YOUR TASK —
All lines from the one containing "Aanpassing betrouwbaarheid Heerlijk" through the end of the material below are to be printed exactly, both ends included, minus pictures.
++++ SUPPLIED MATERIAL ++++
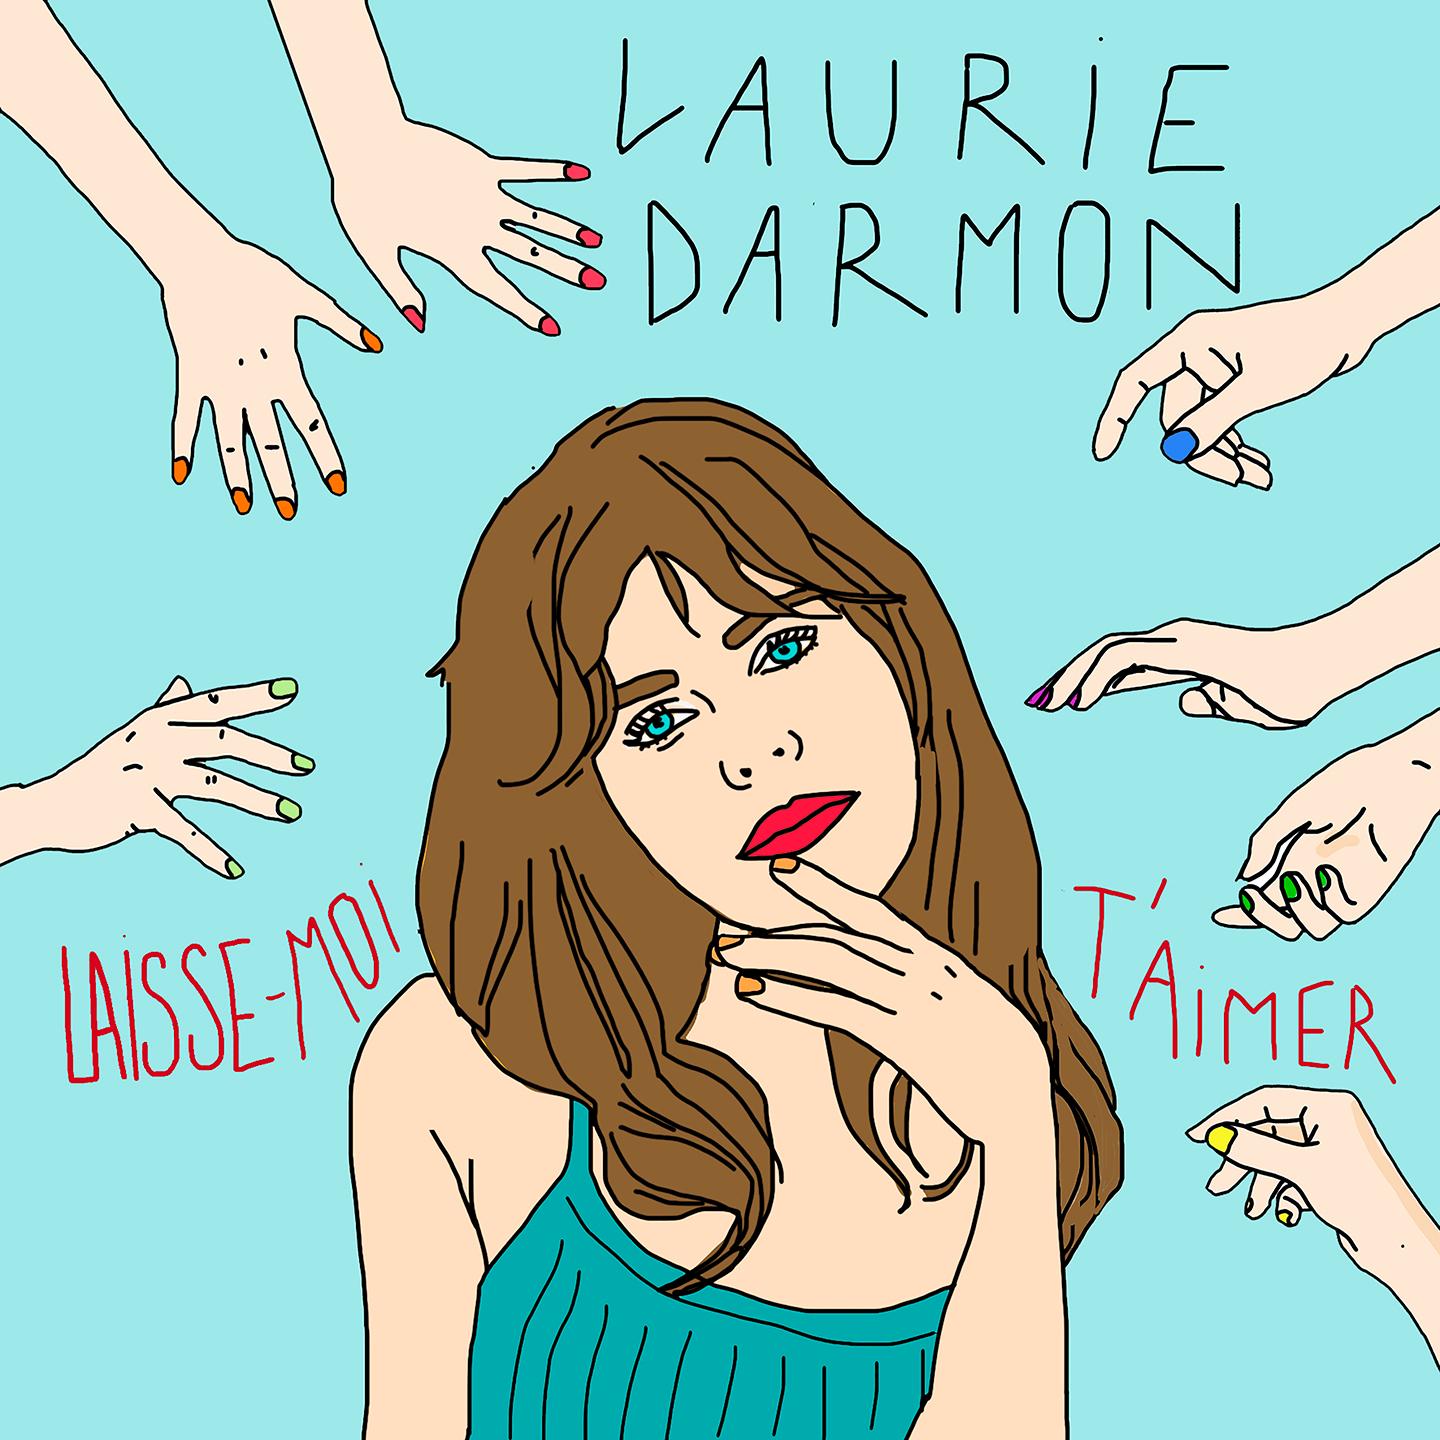 Ri-scoperto dai canali social, il nuovo che avanza è francese Laurie Darmon e il singolo Laisse-moi t’aimer (Label Time Records/distribuzione Believe)
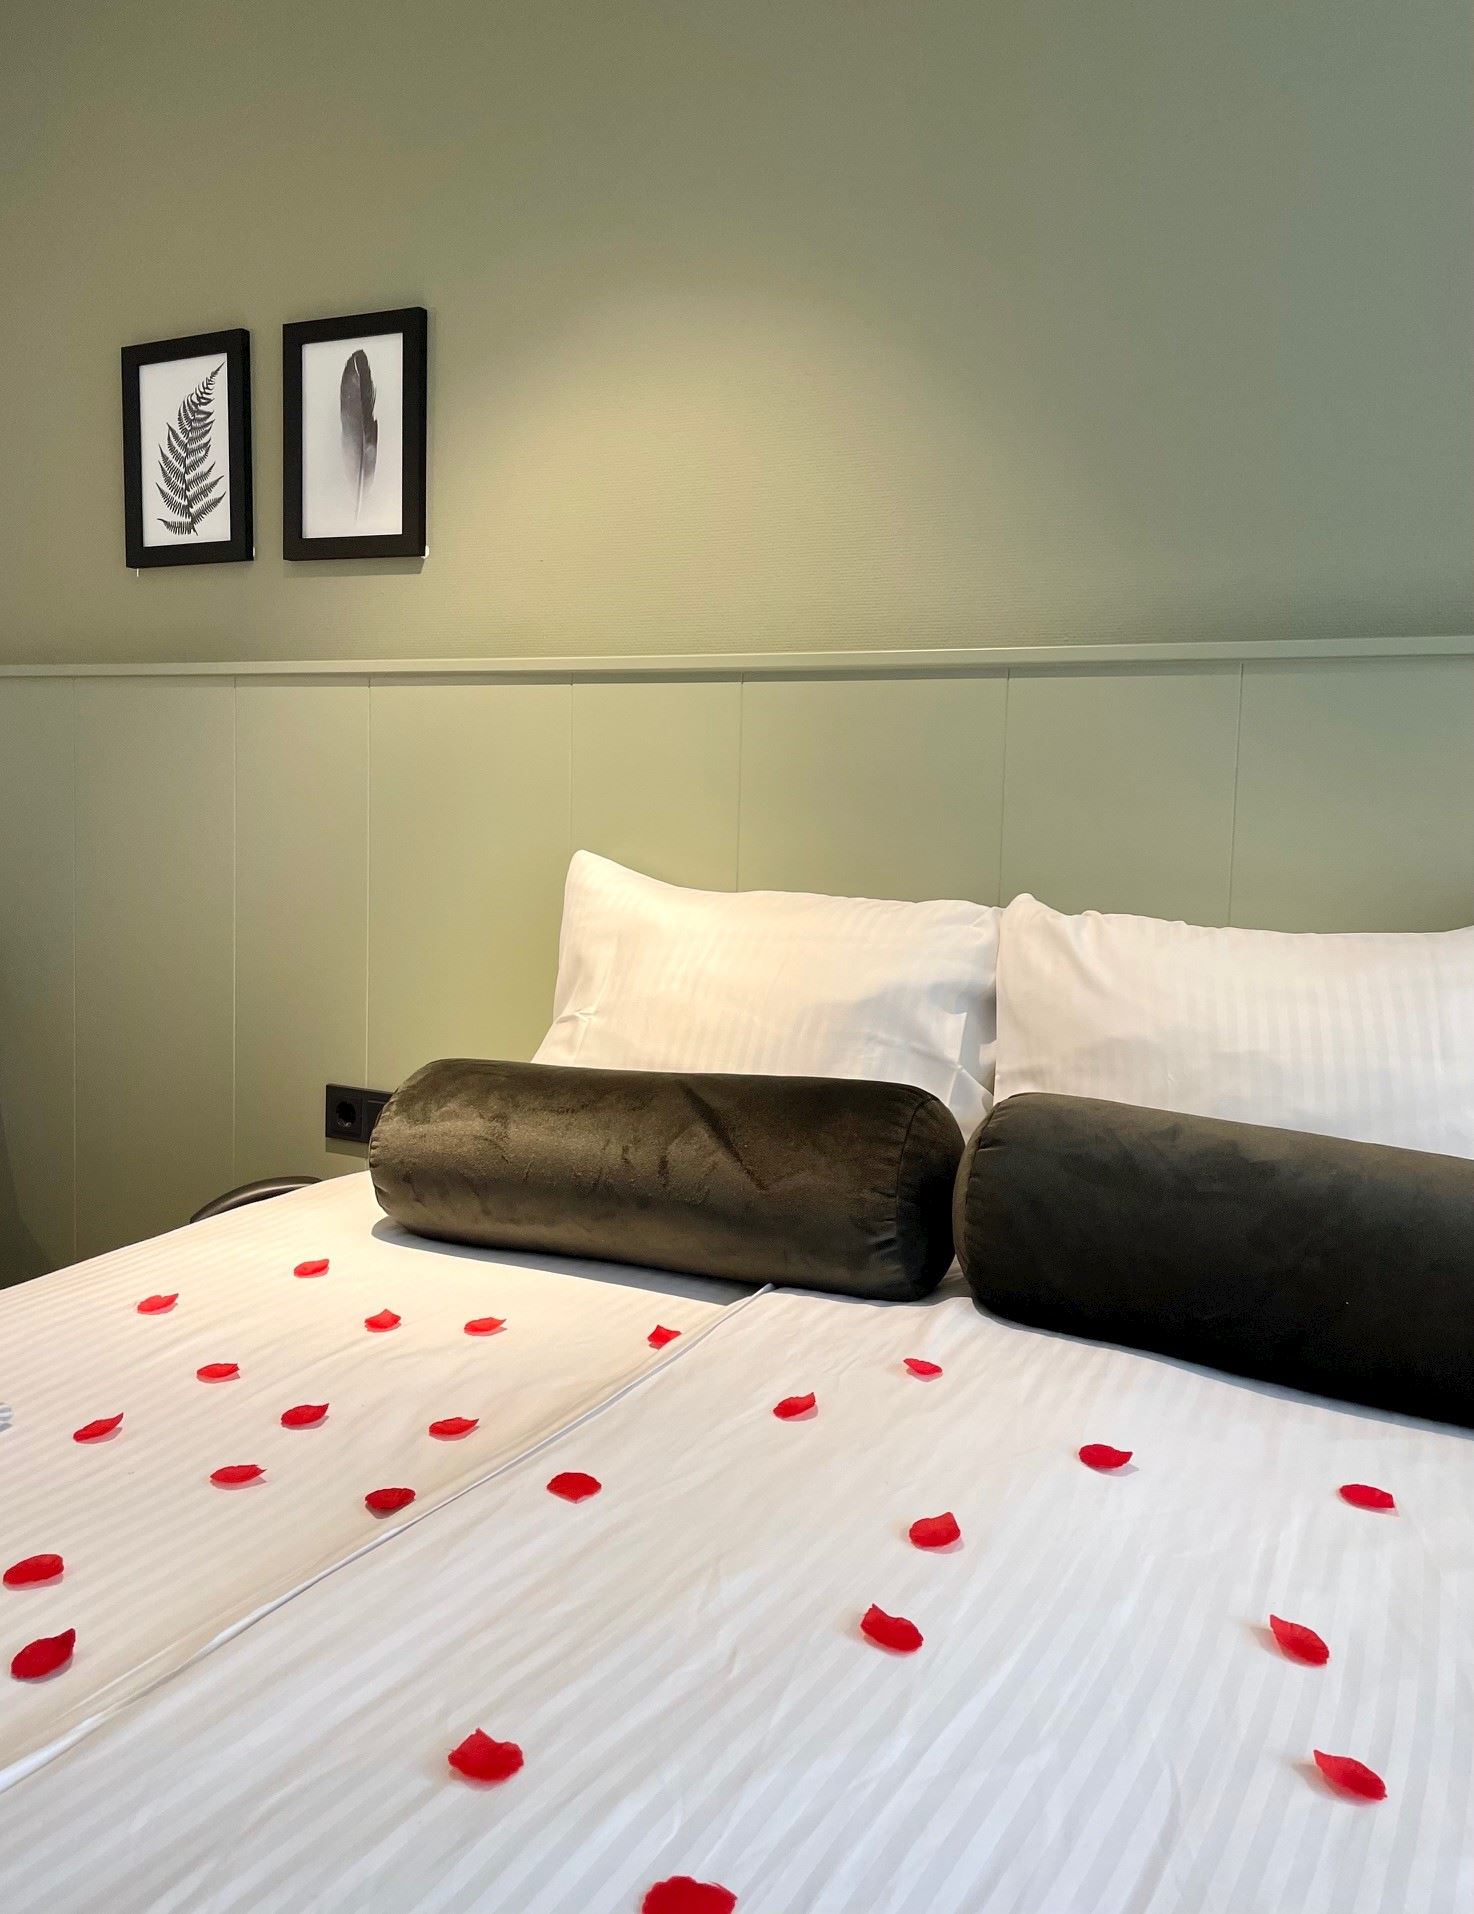 Aanpassing betrouwbaarheid Heerlijk Romantische overnachting Utrecht | Fine Hotels Bergse Bossen
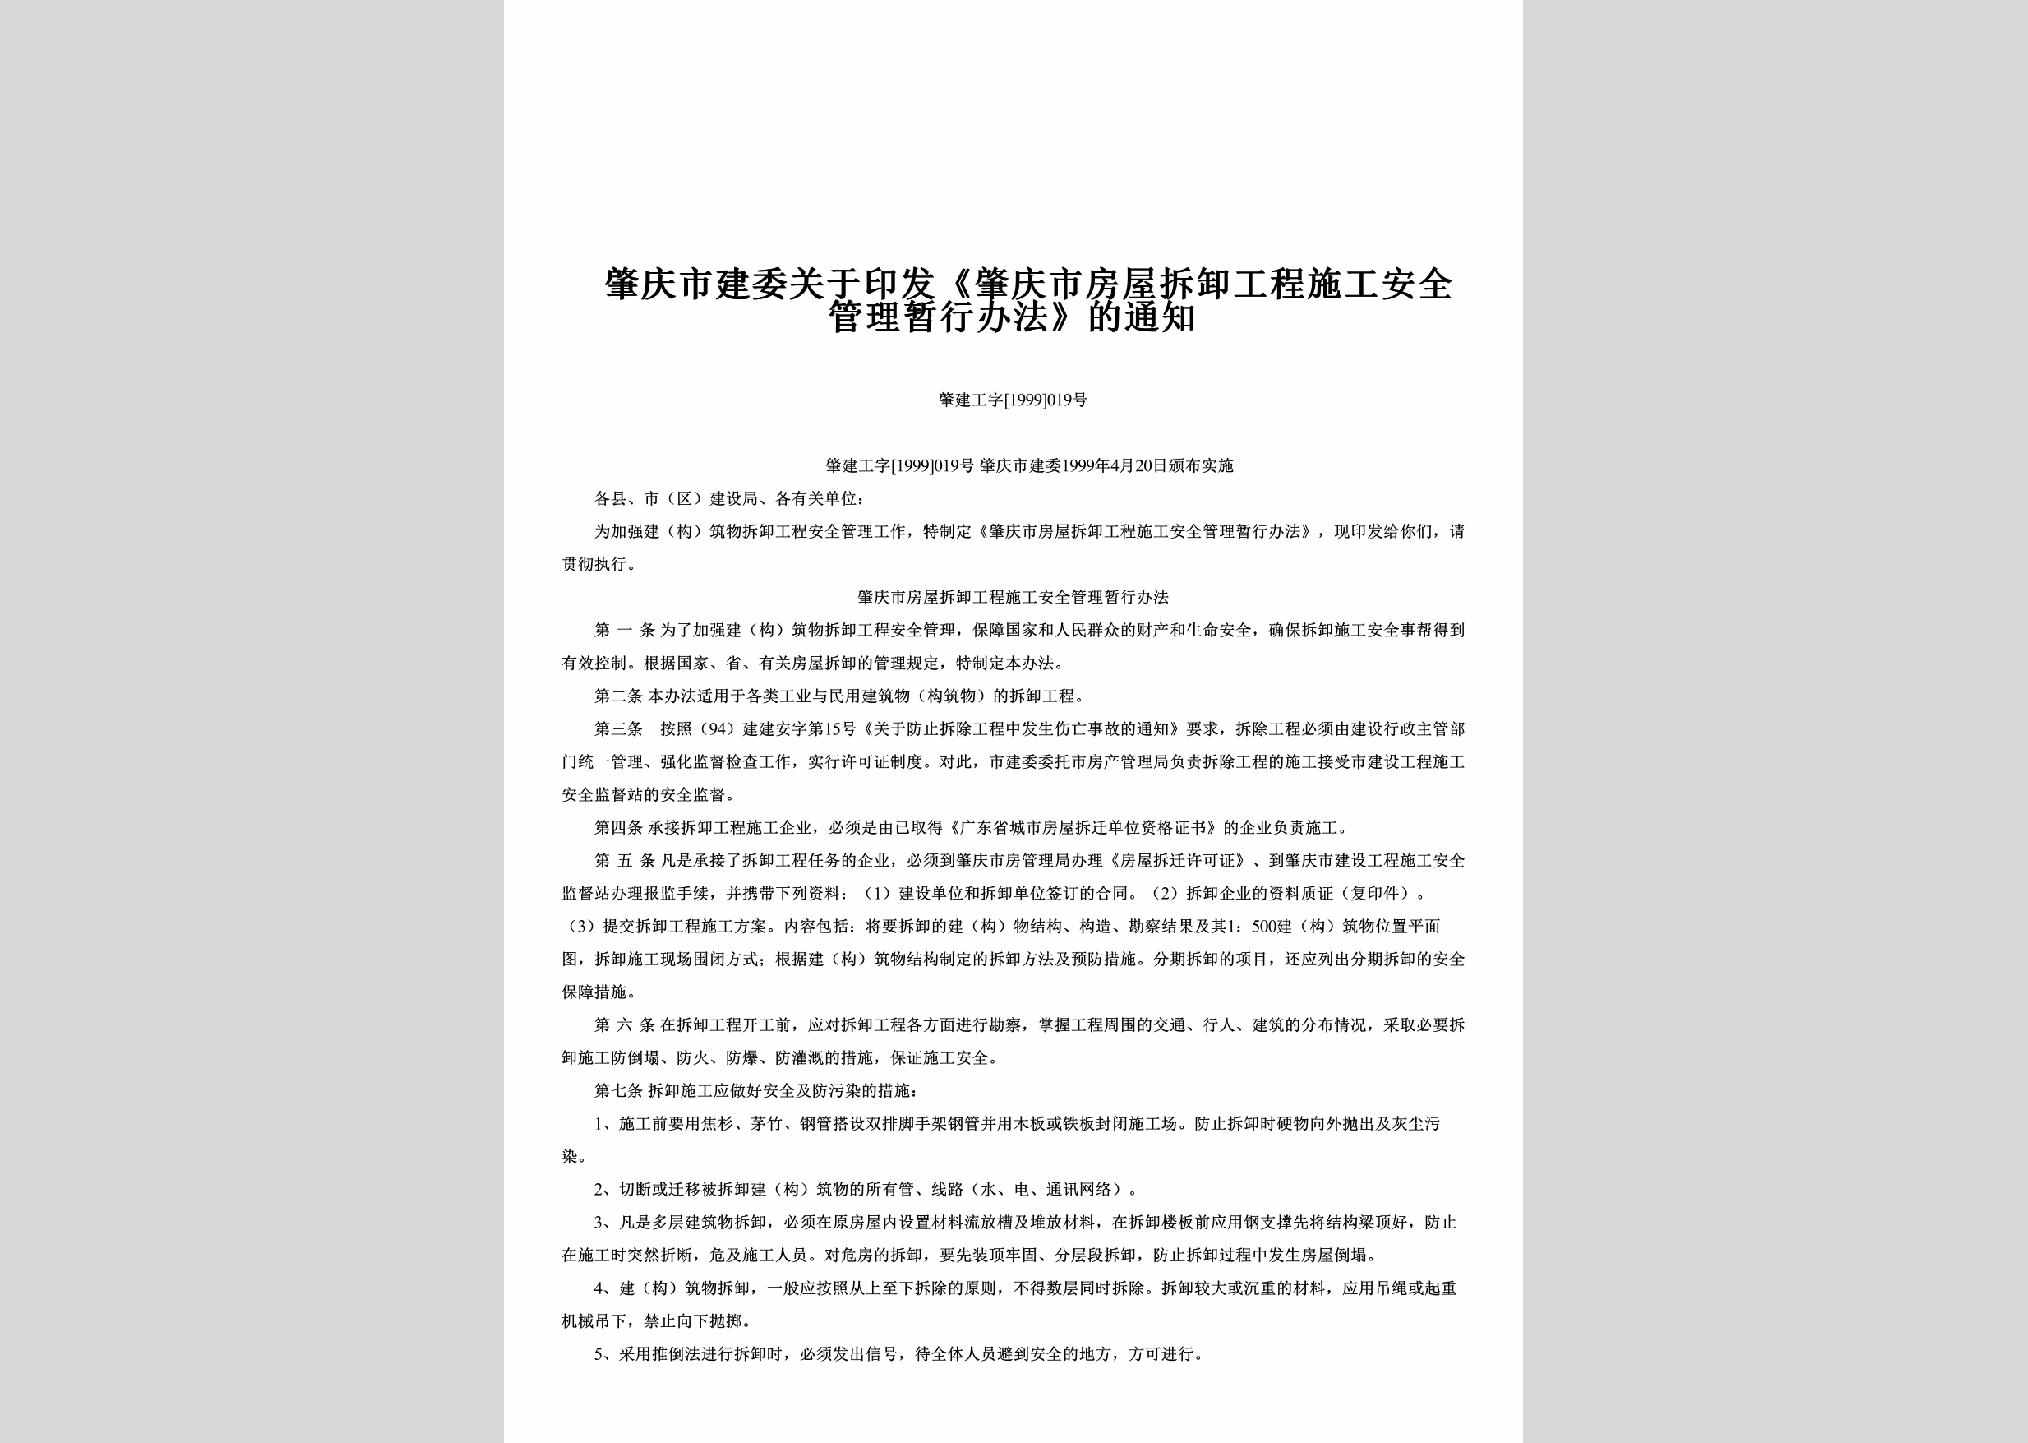 肇建工字[1999]019号：关于印发《肇庆市房屋拆卸工程施工安全管理暂行办法》的通知
++++
THE ANSWER —
 Aanpassing betrouwbaarheid Heerlijk Romantische overnachting Utrecht | Fine Hotels Bergse Bossen
 肇建工字[1999]019号：关于印发《肇庆市房屋拆卸工程施工安全管理暂行办法》的通知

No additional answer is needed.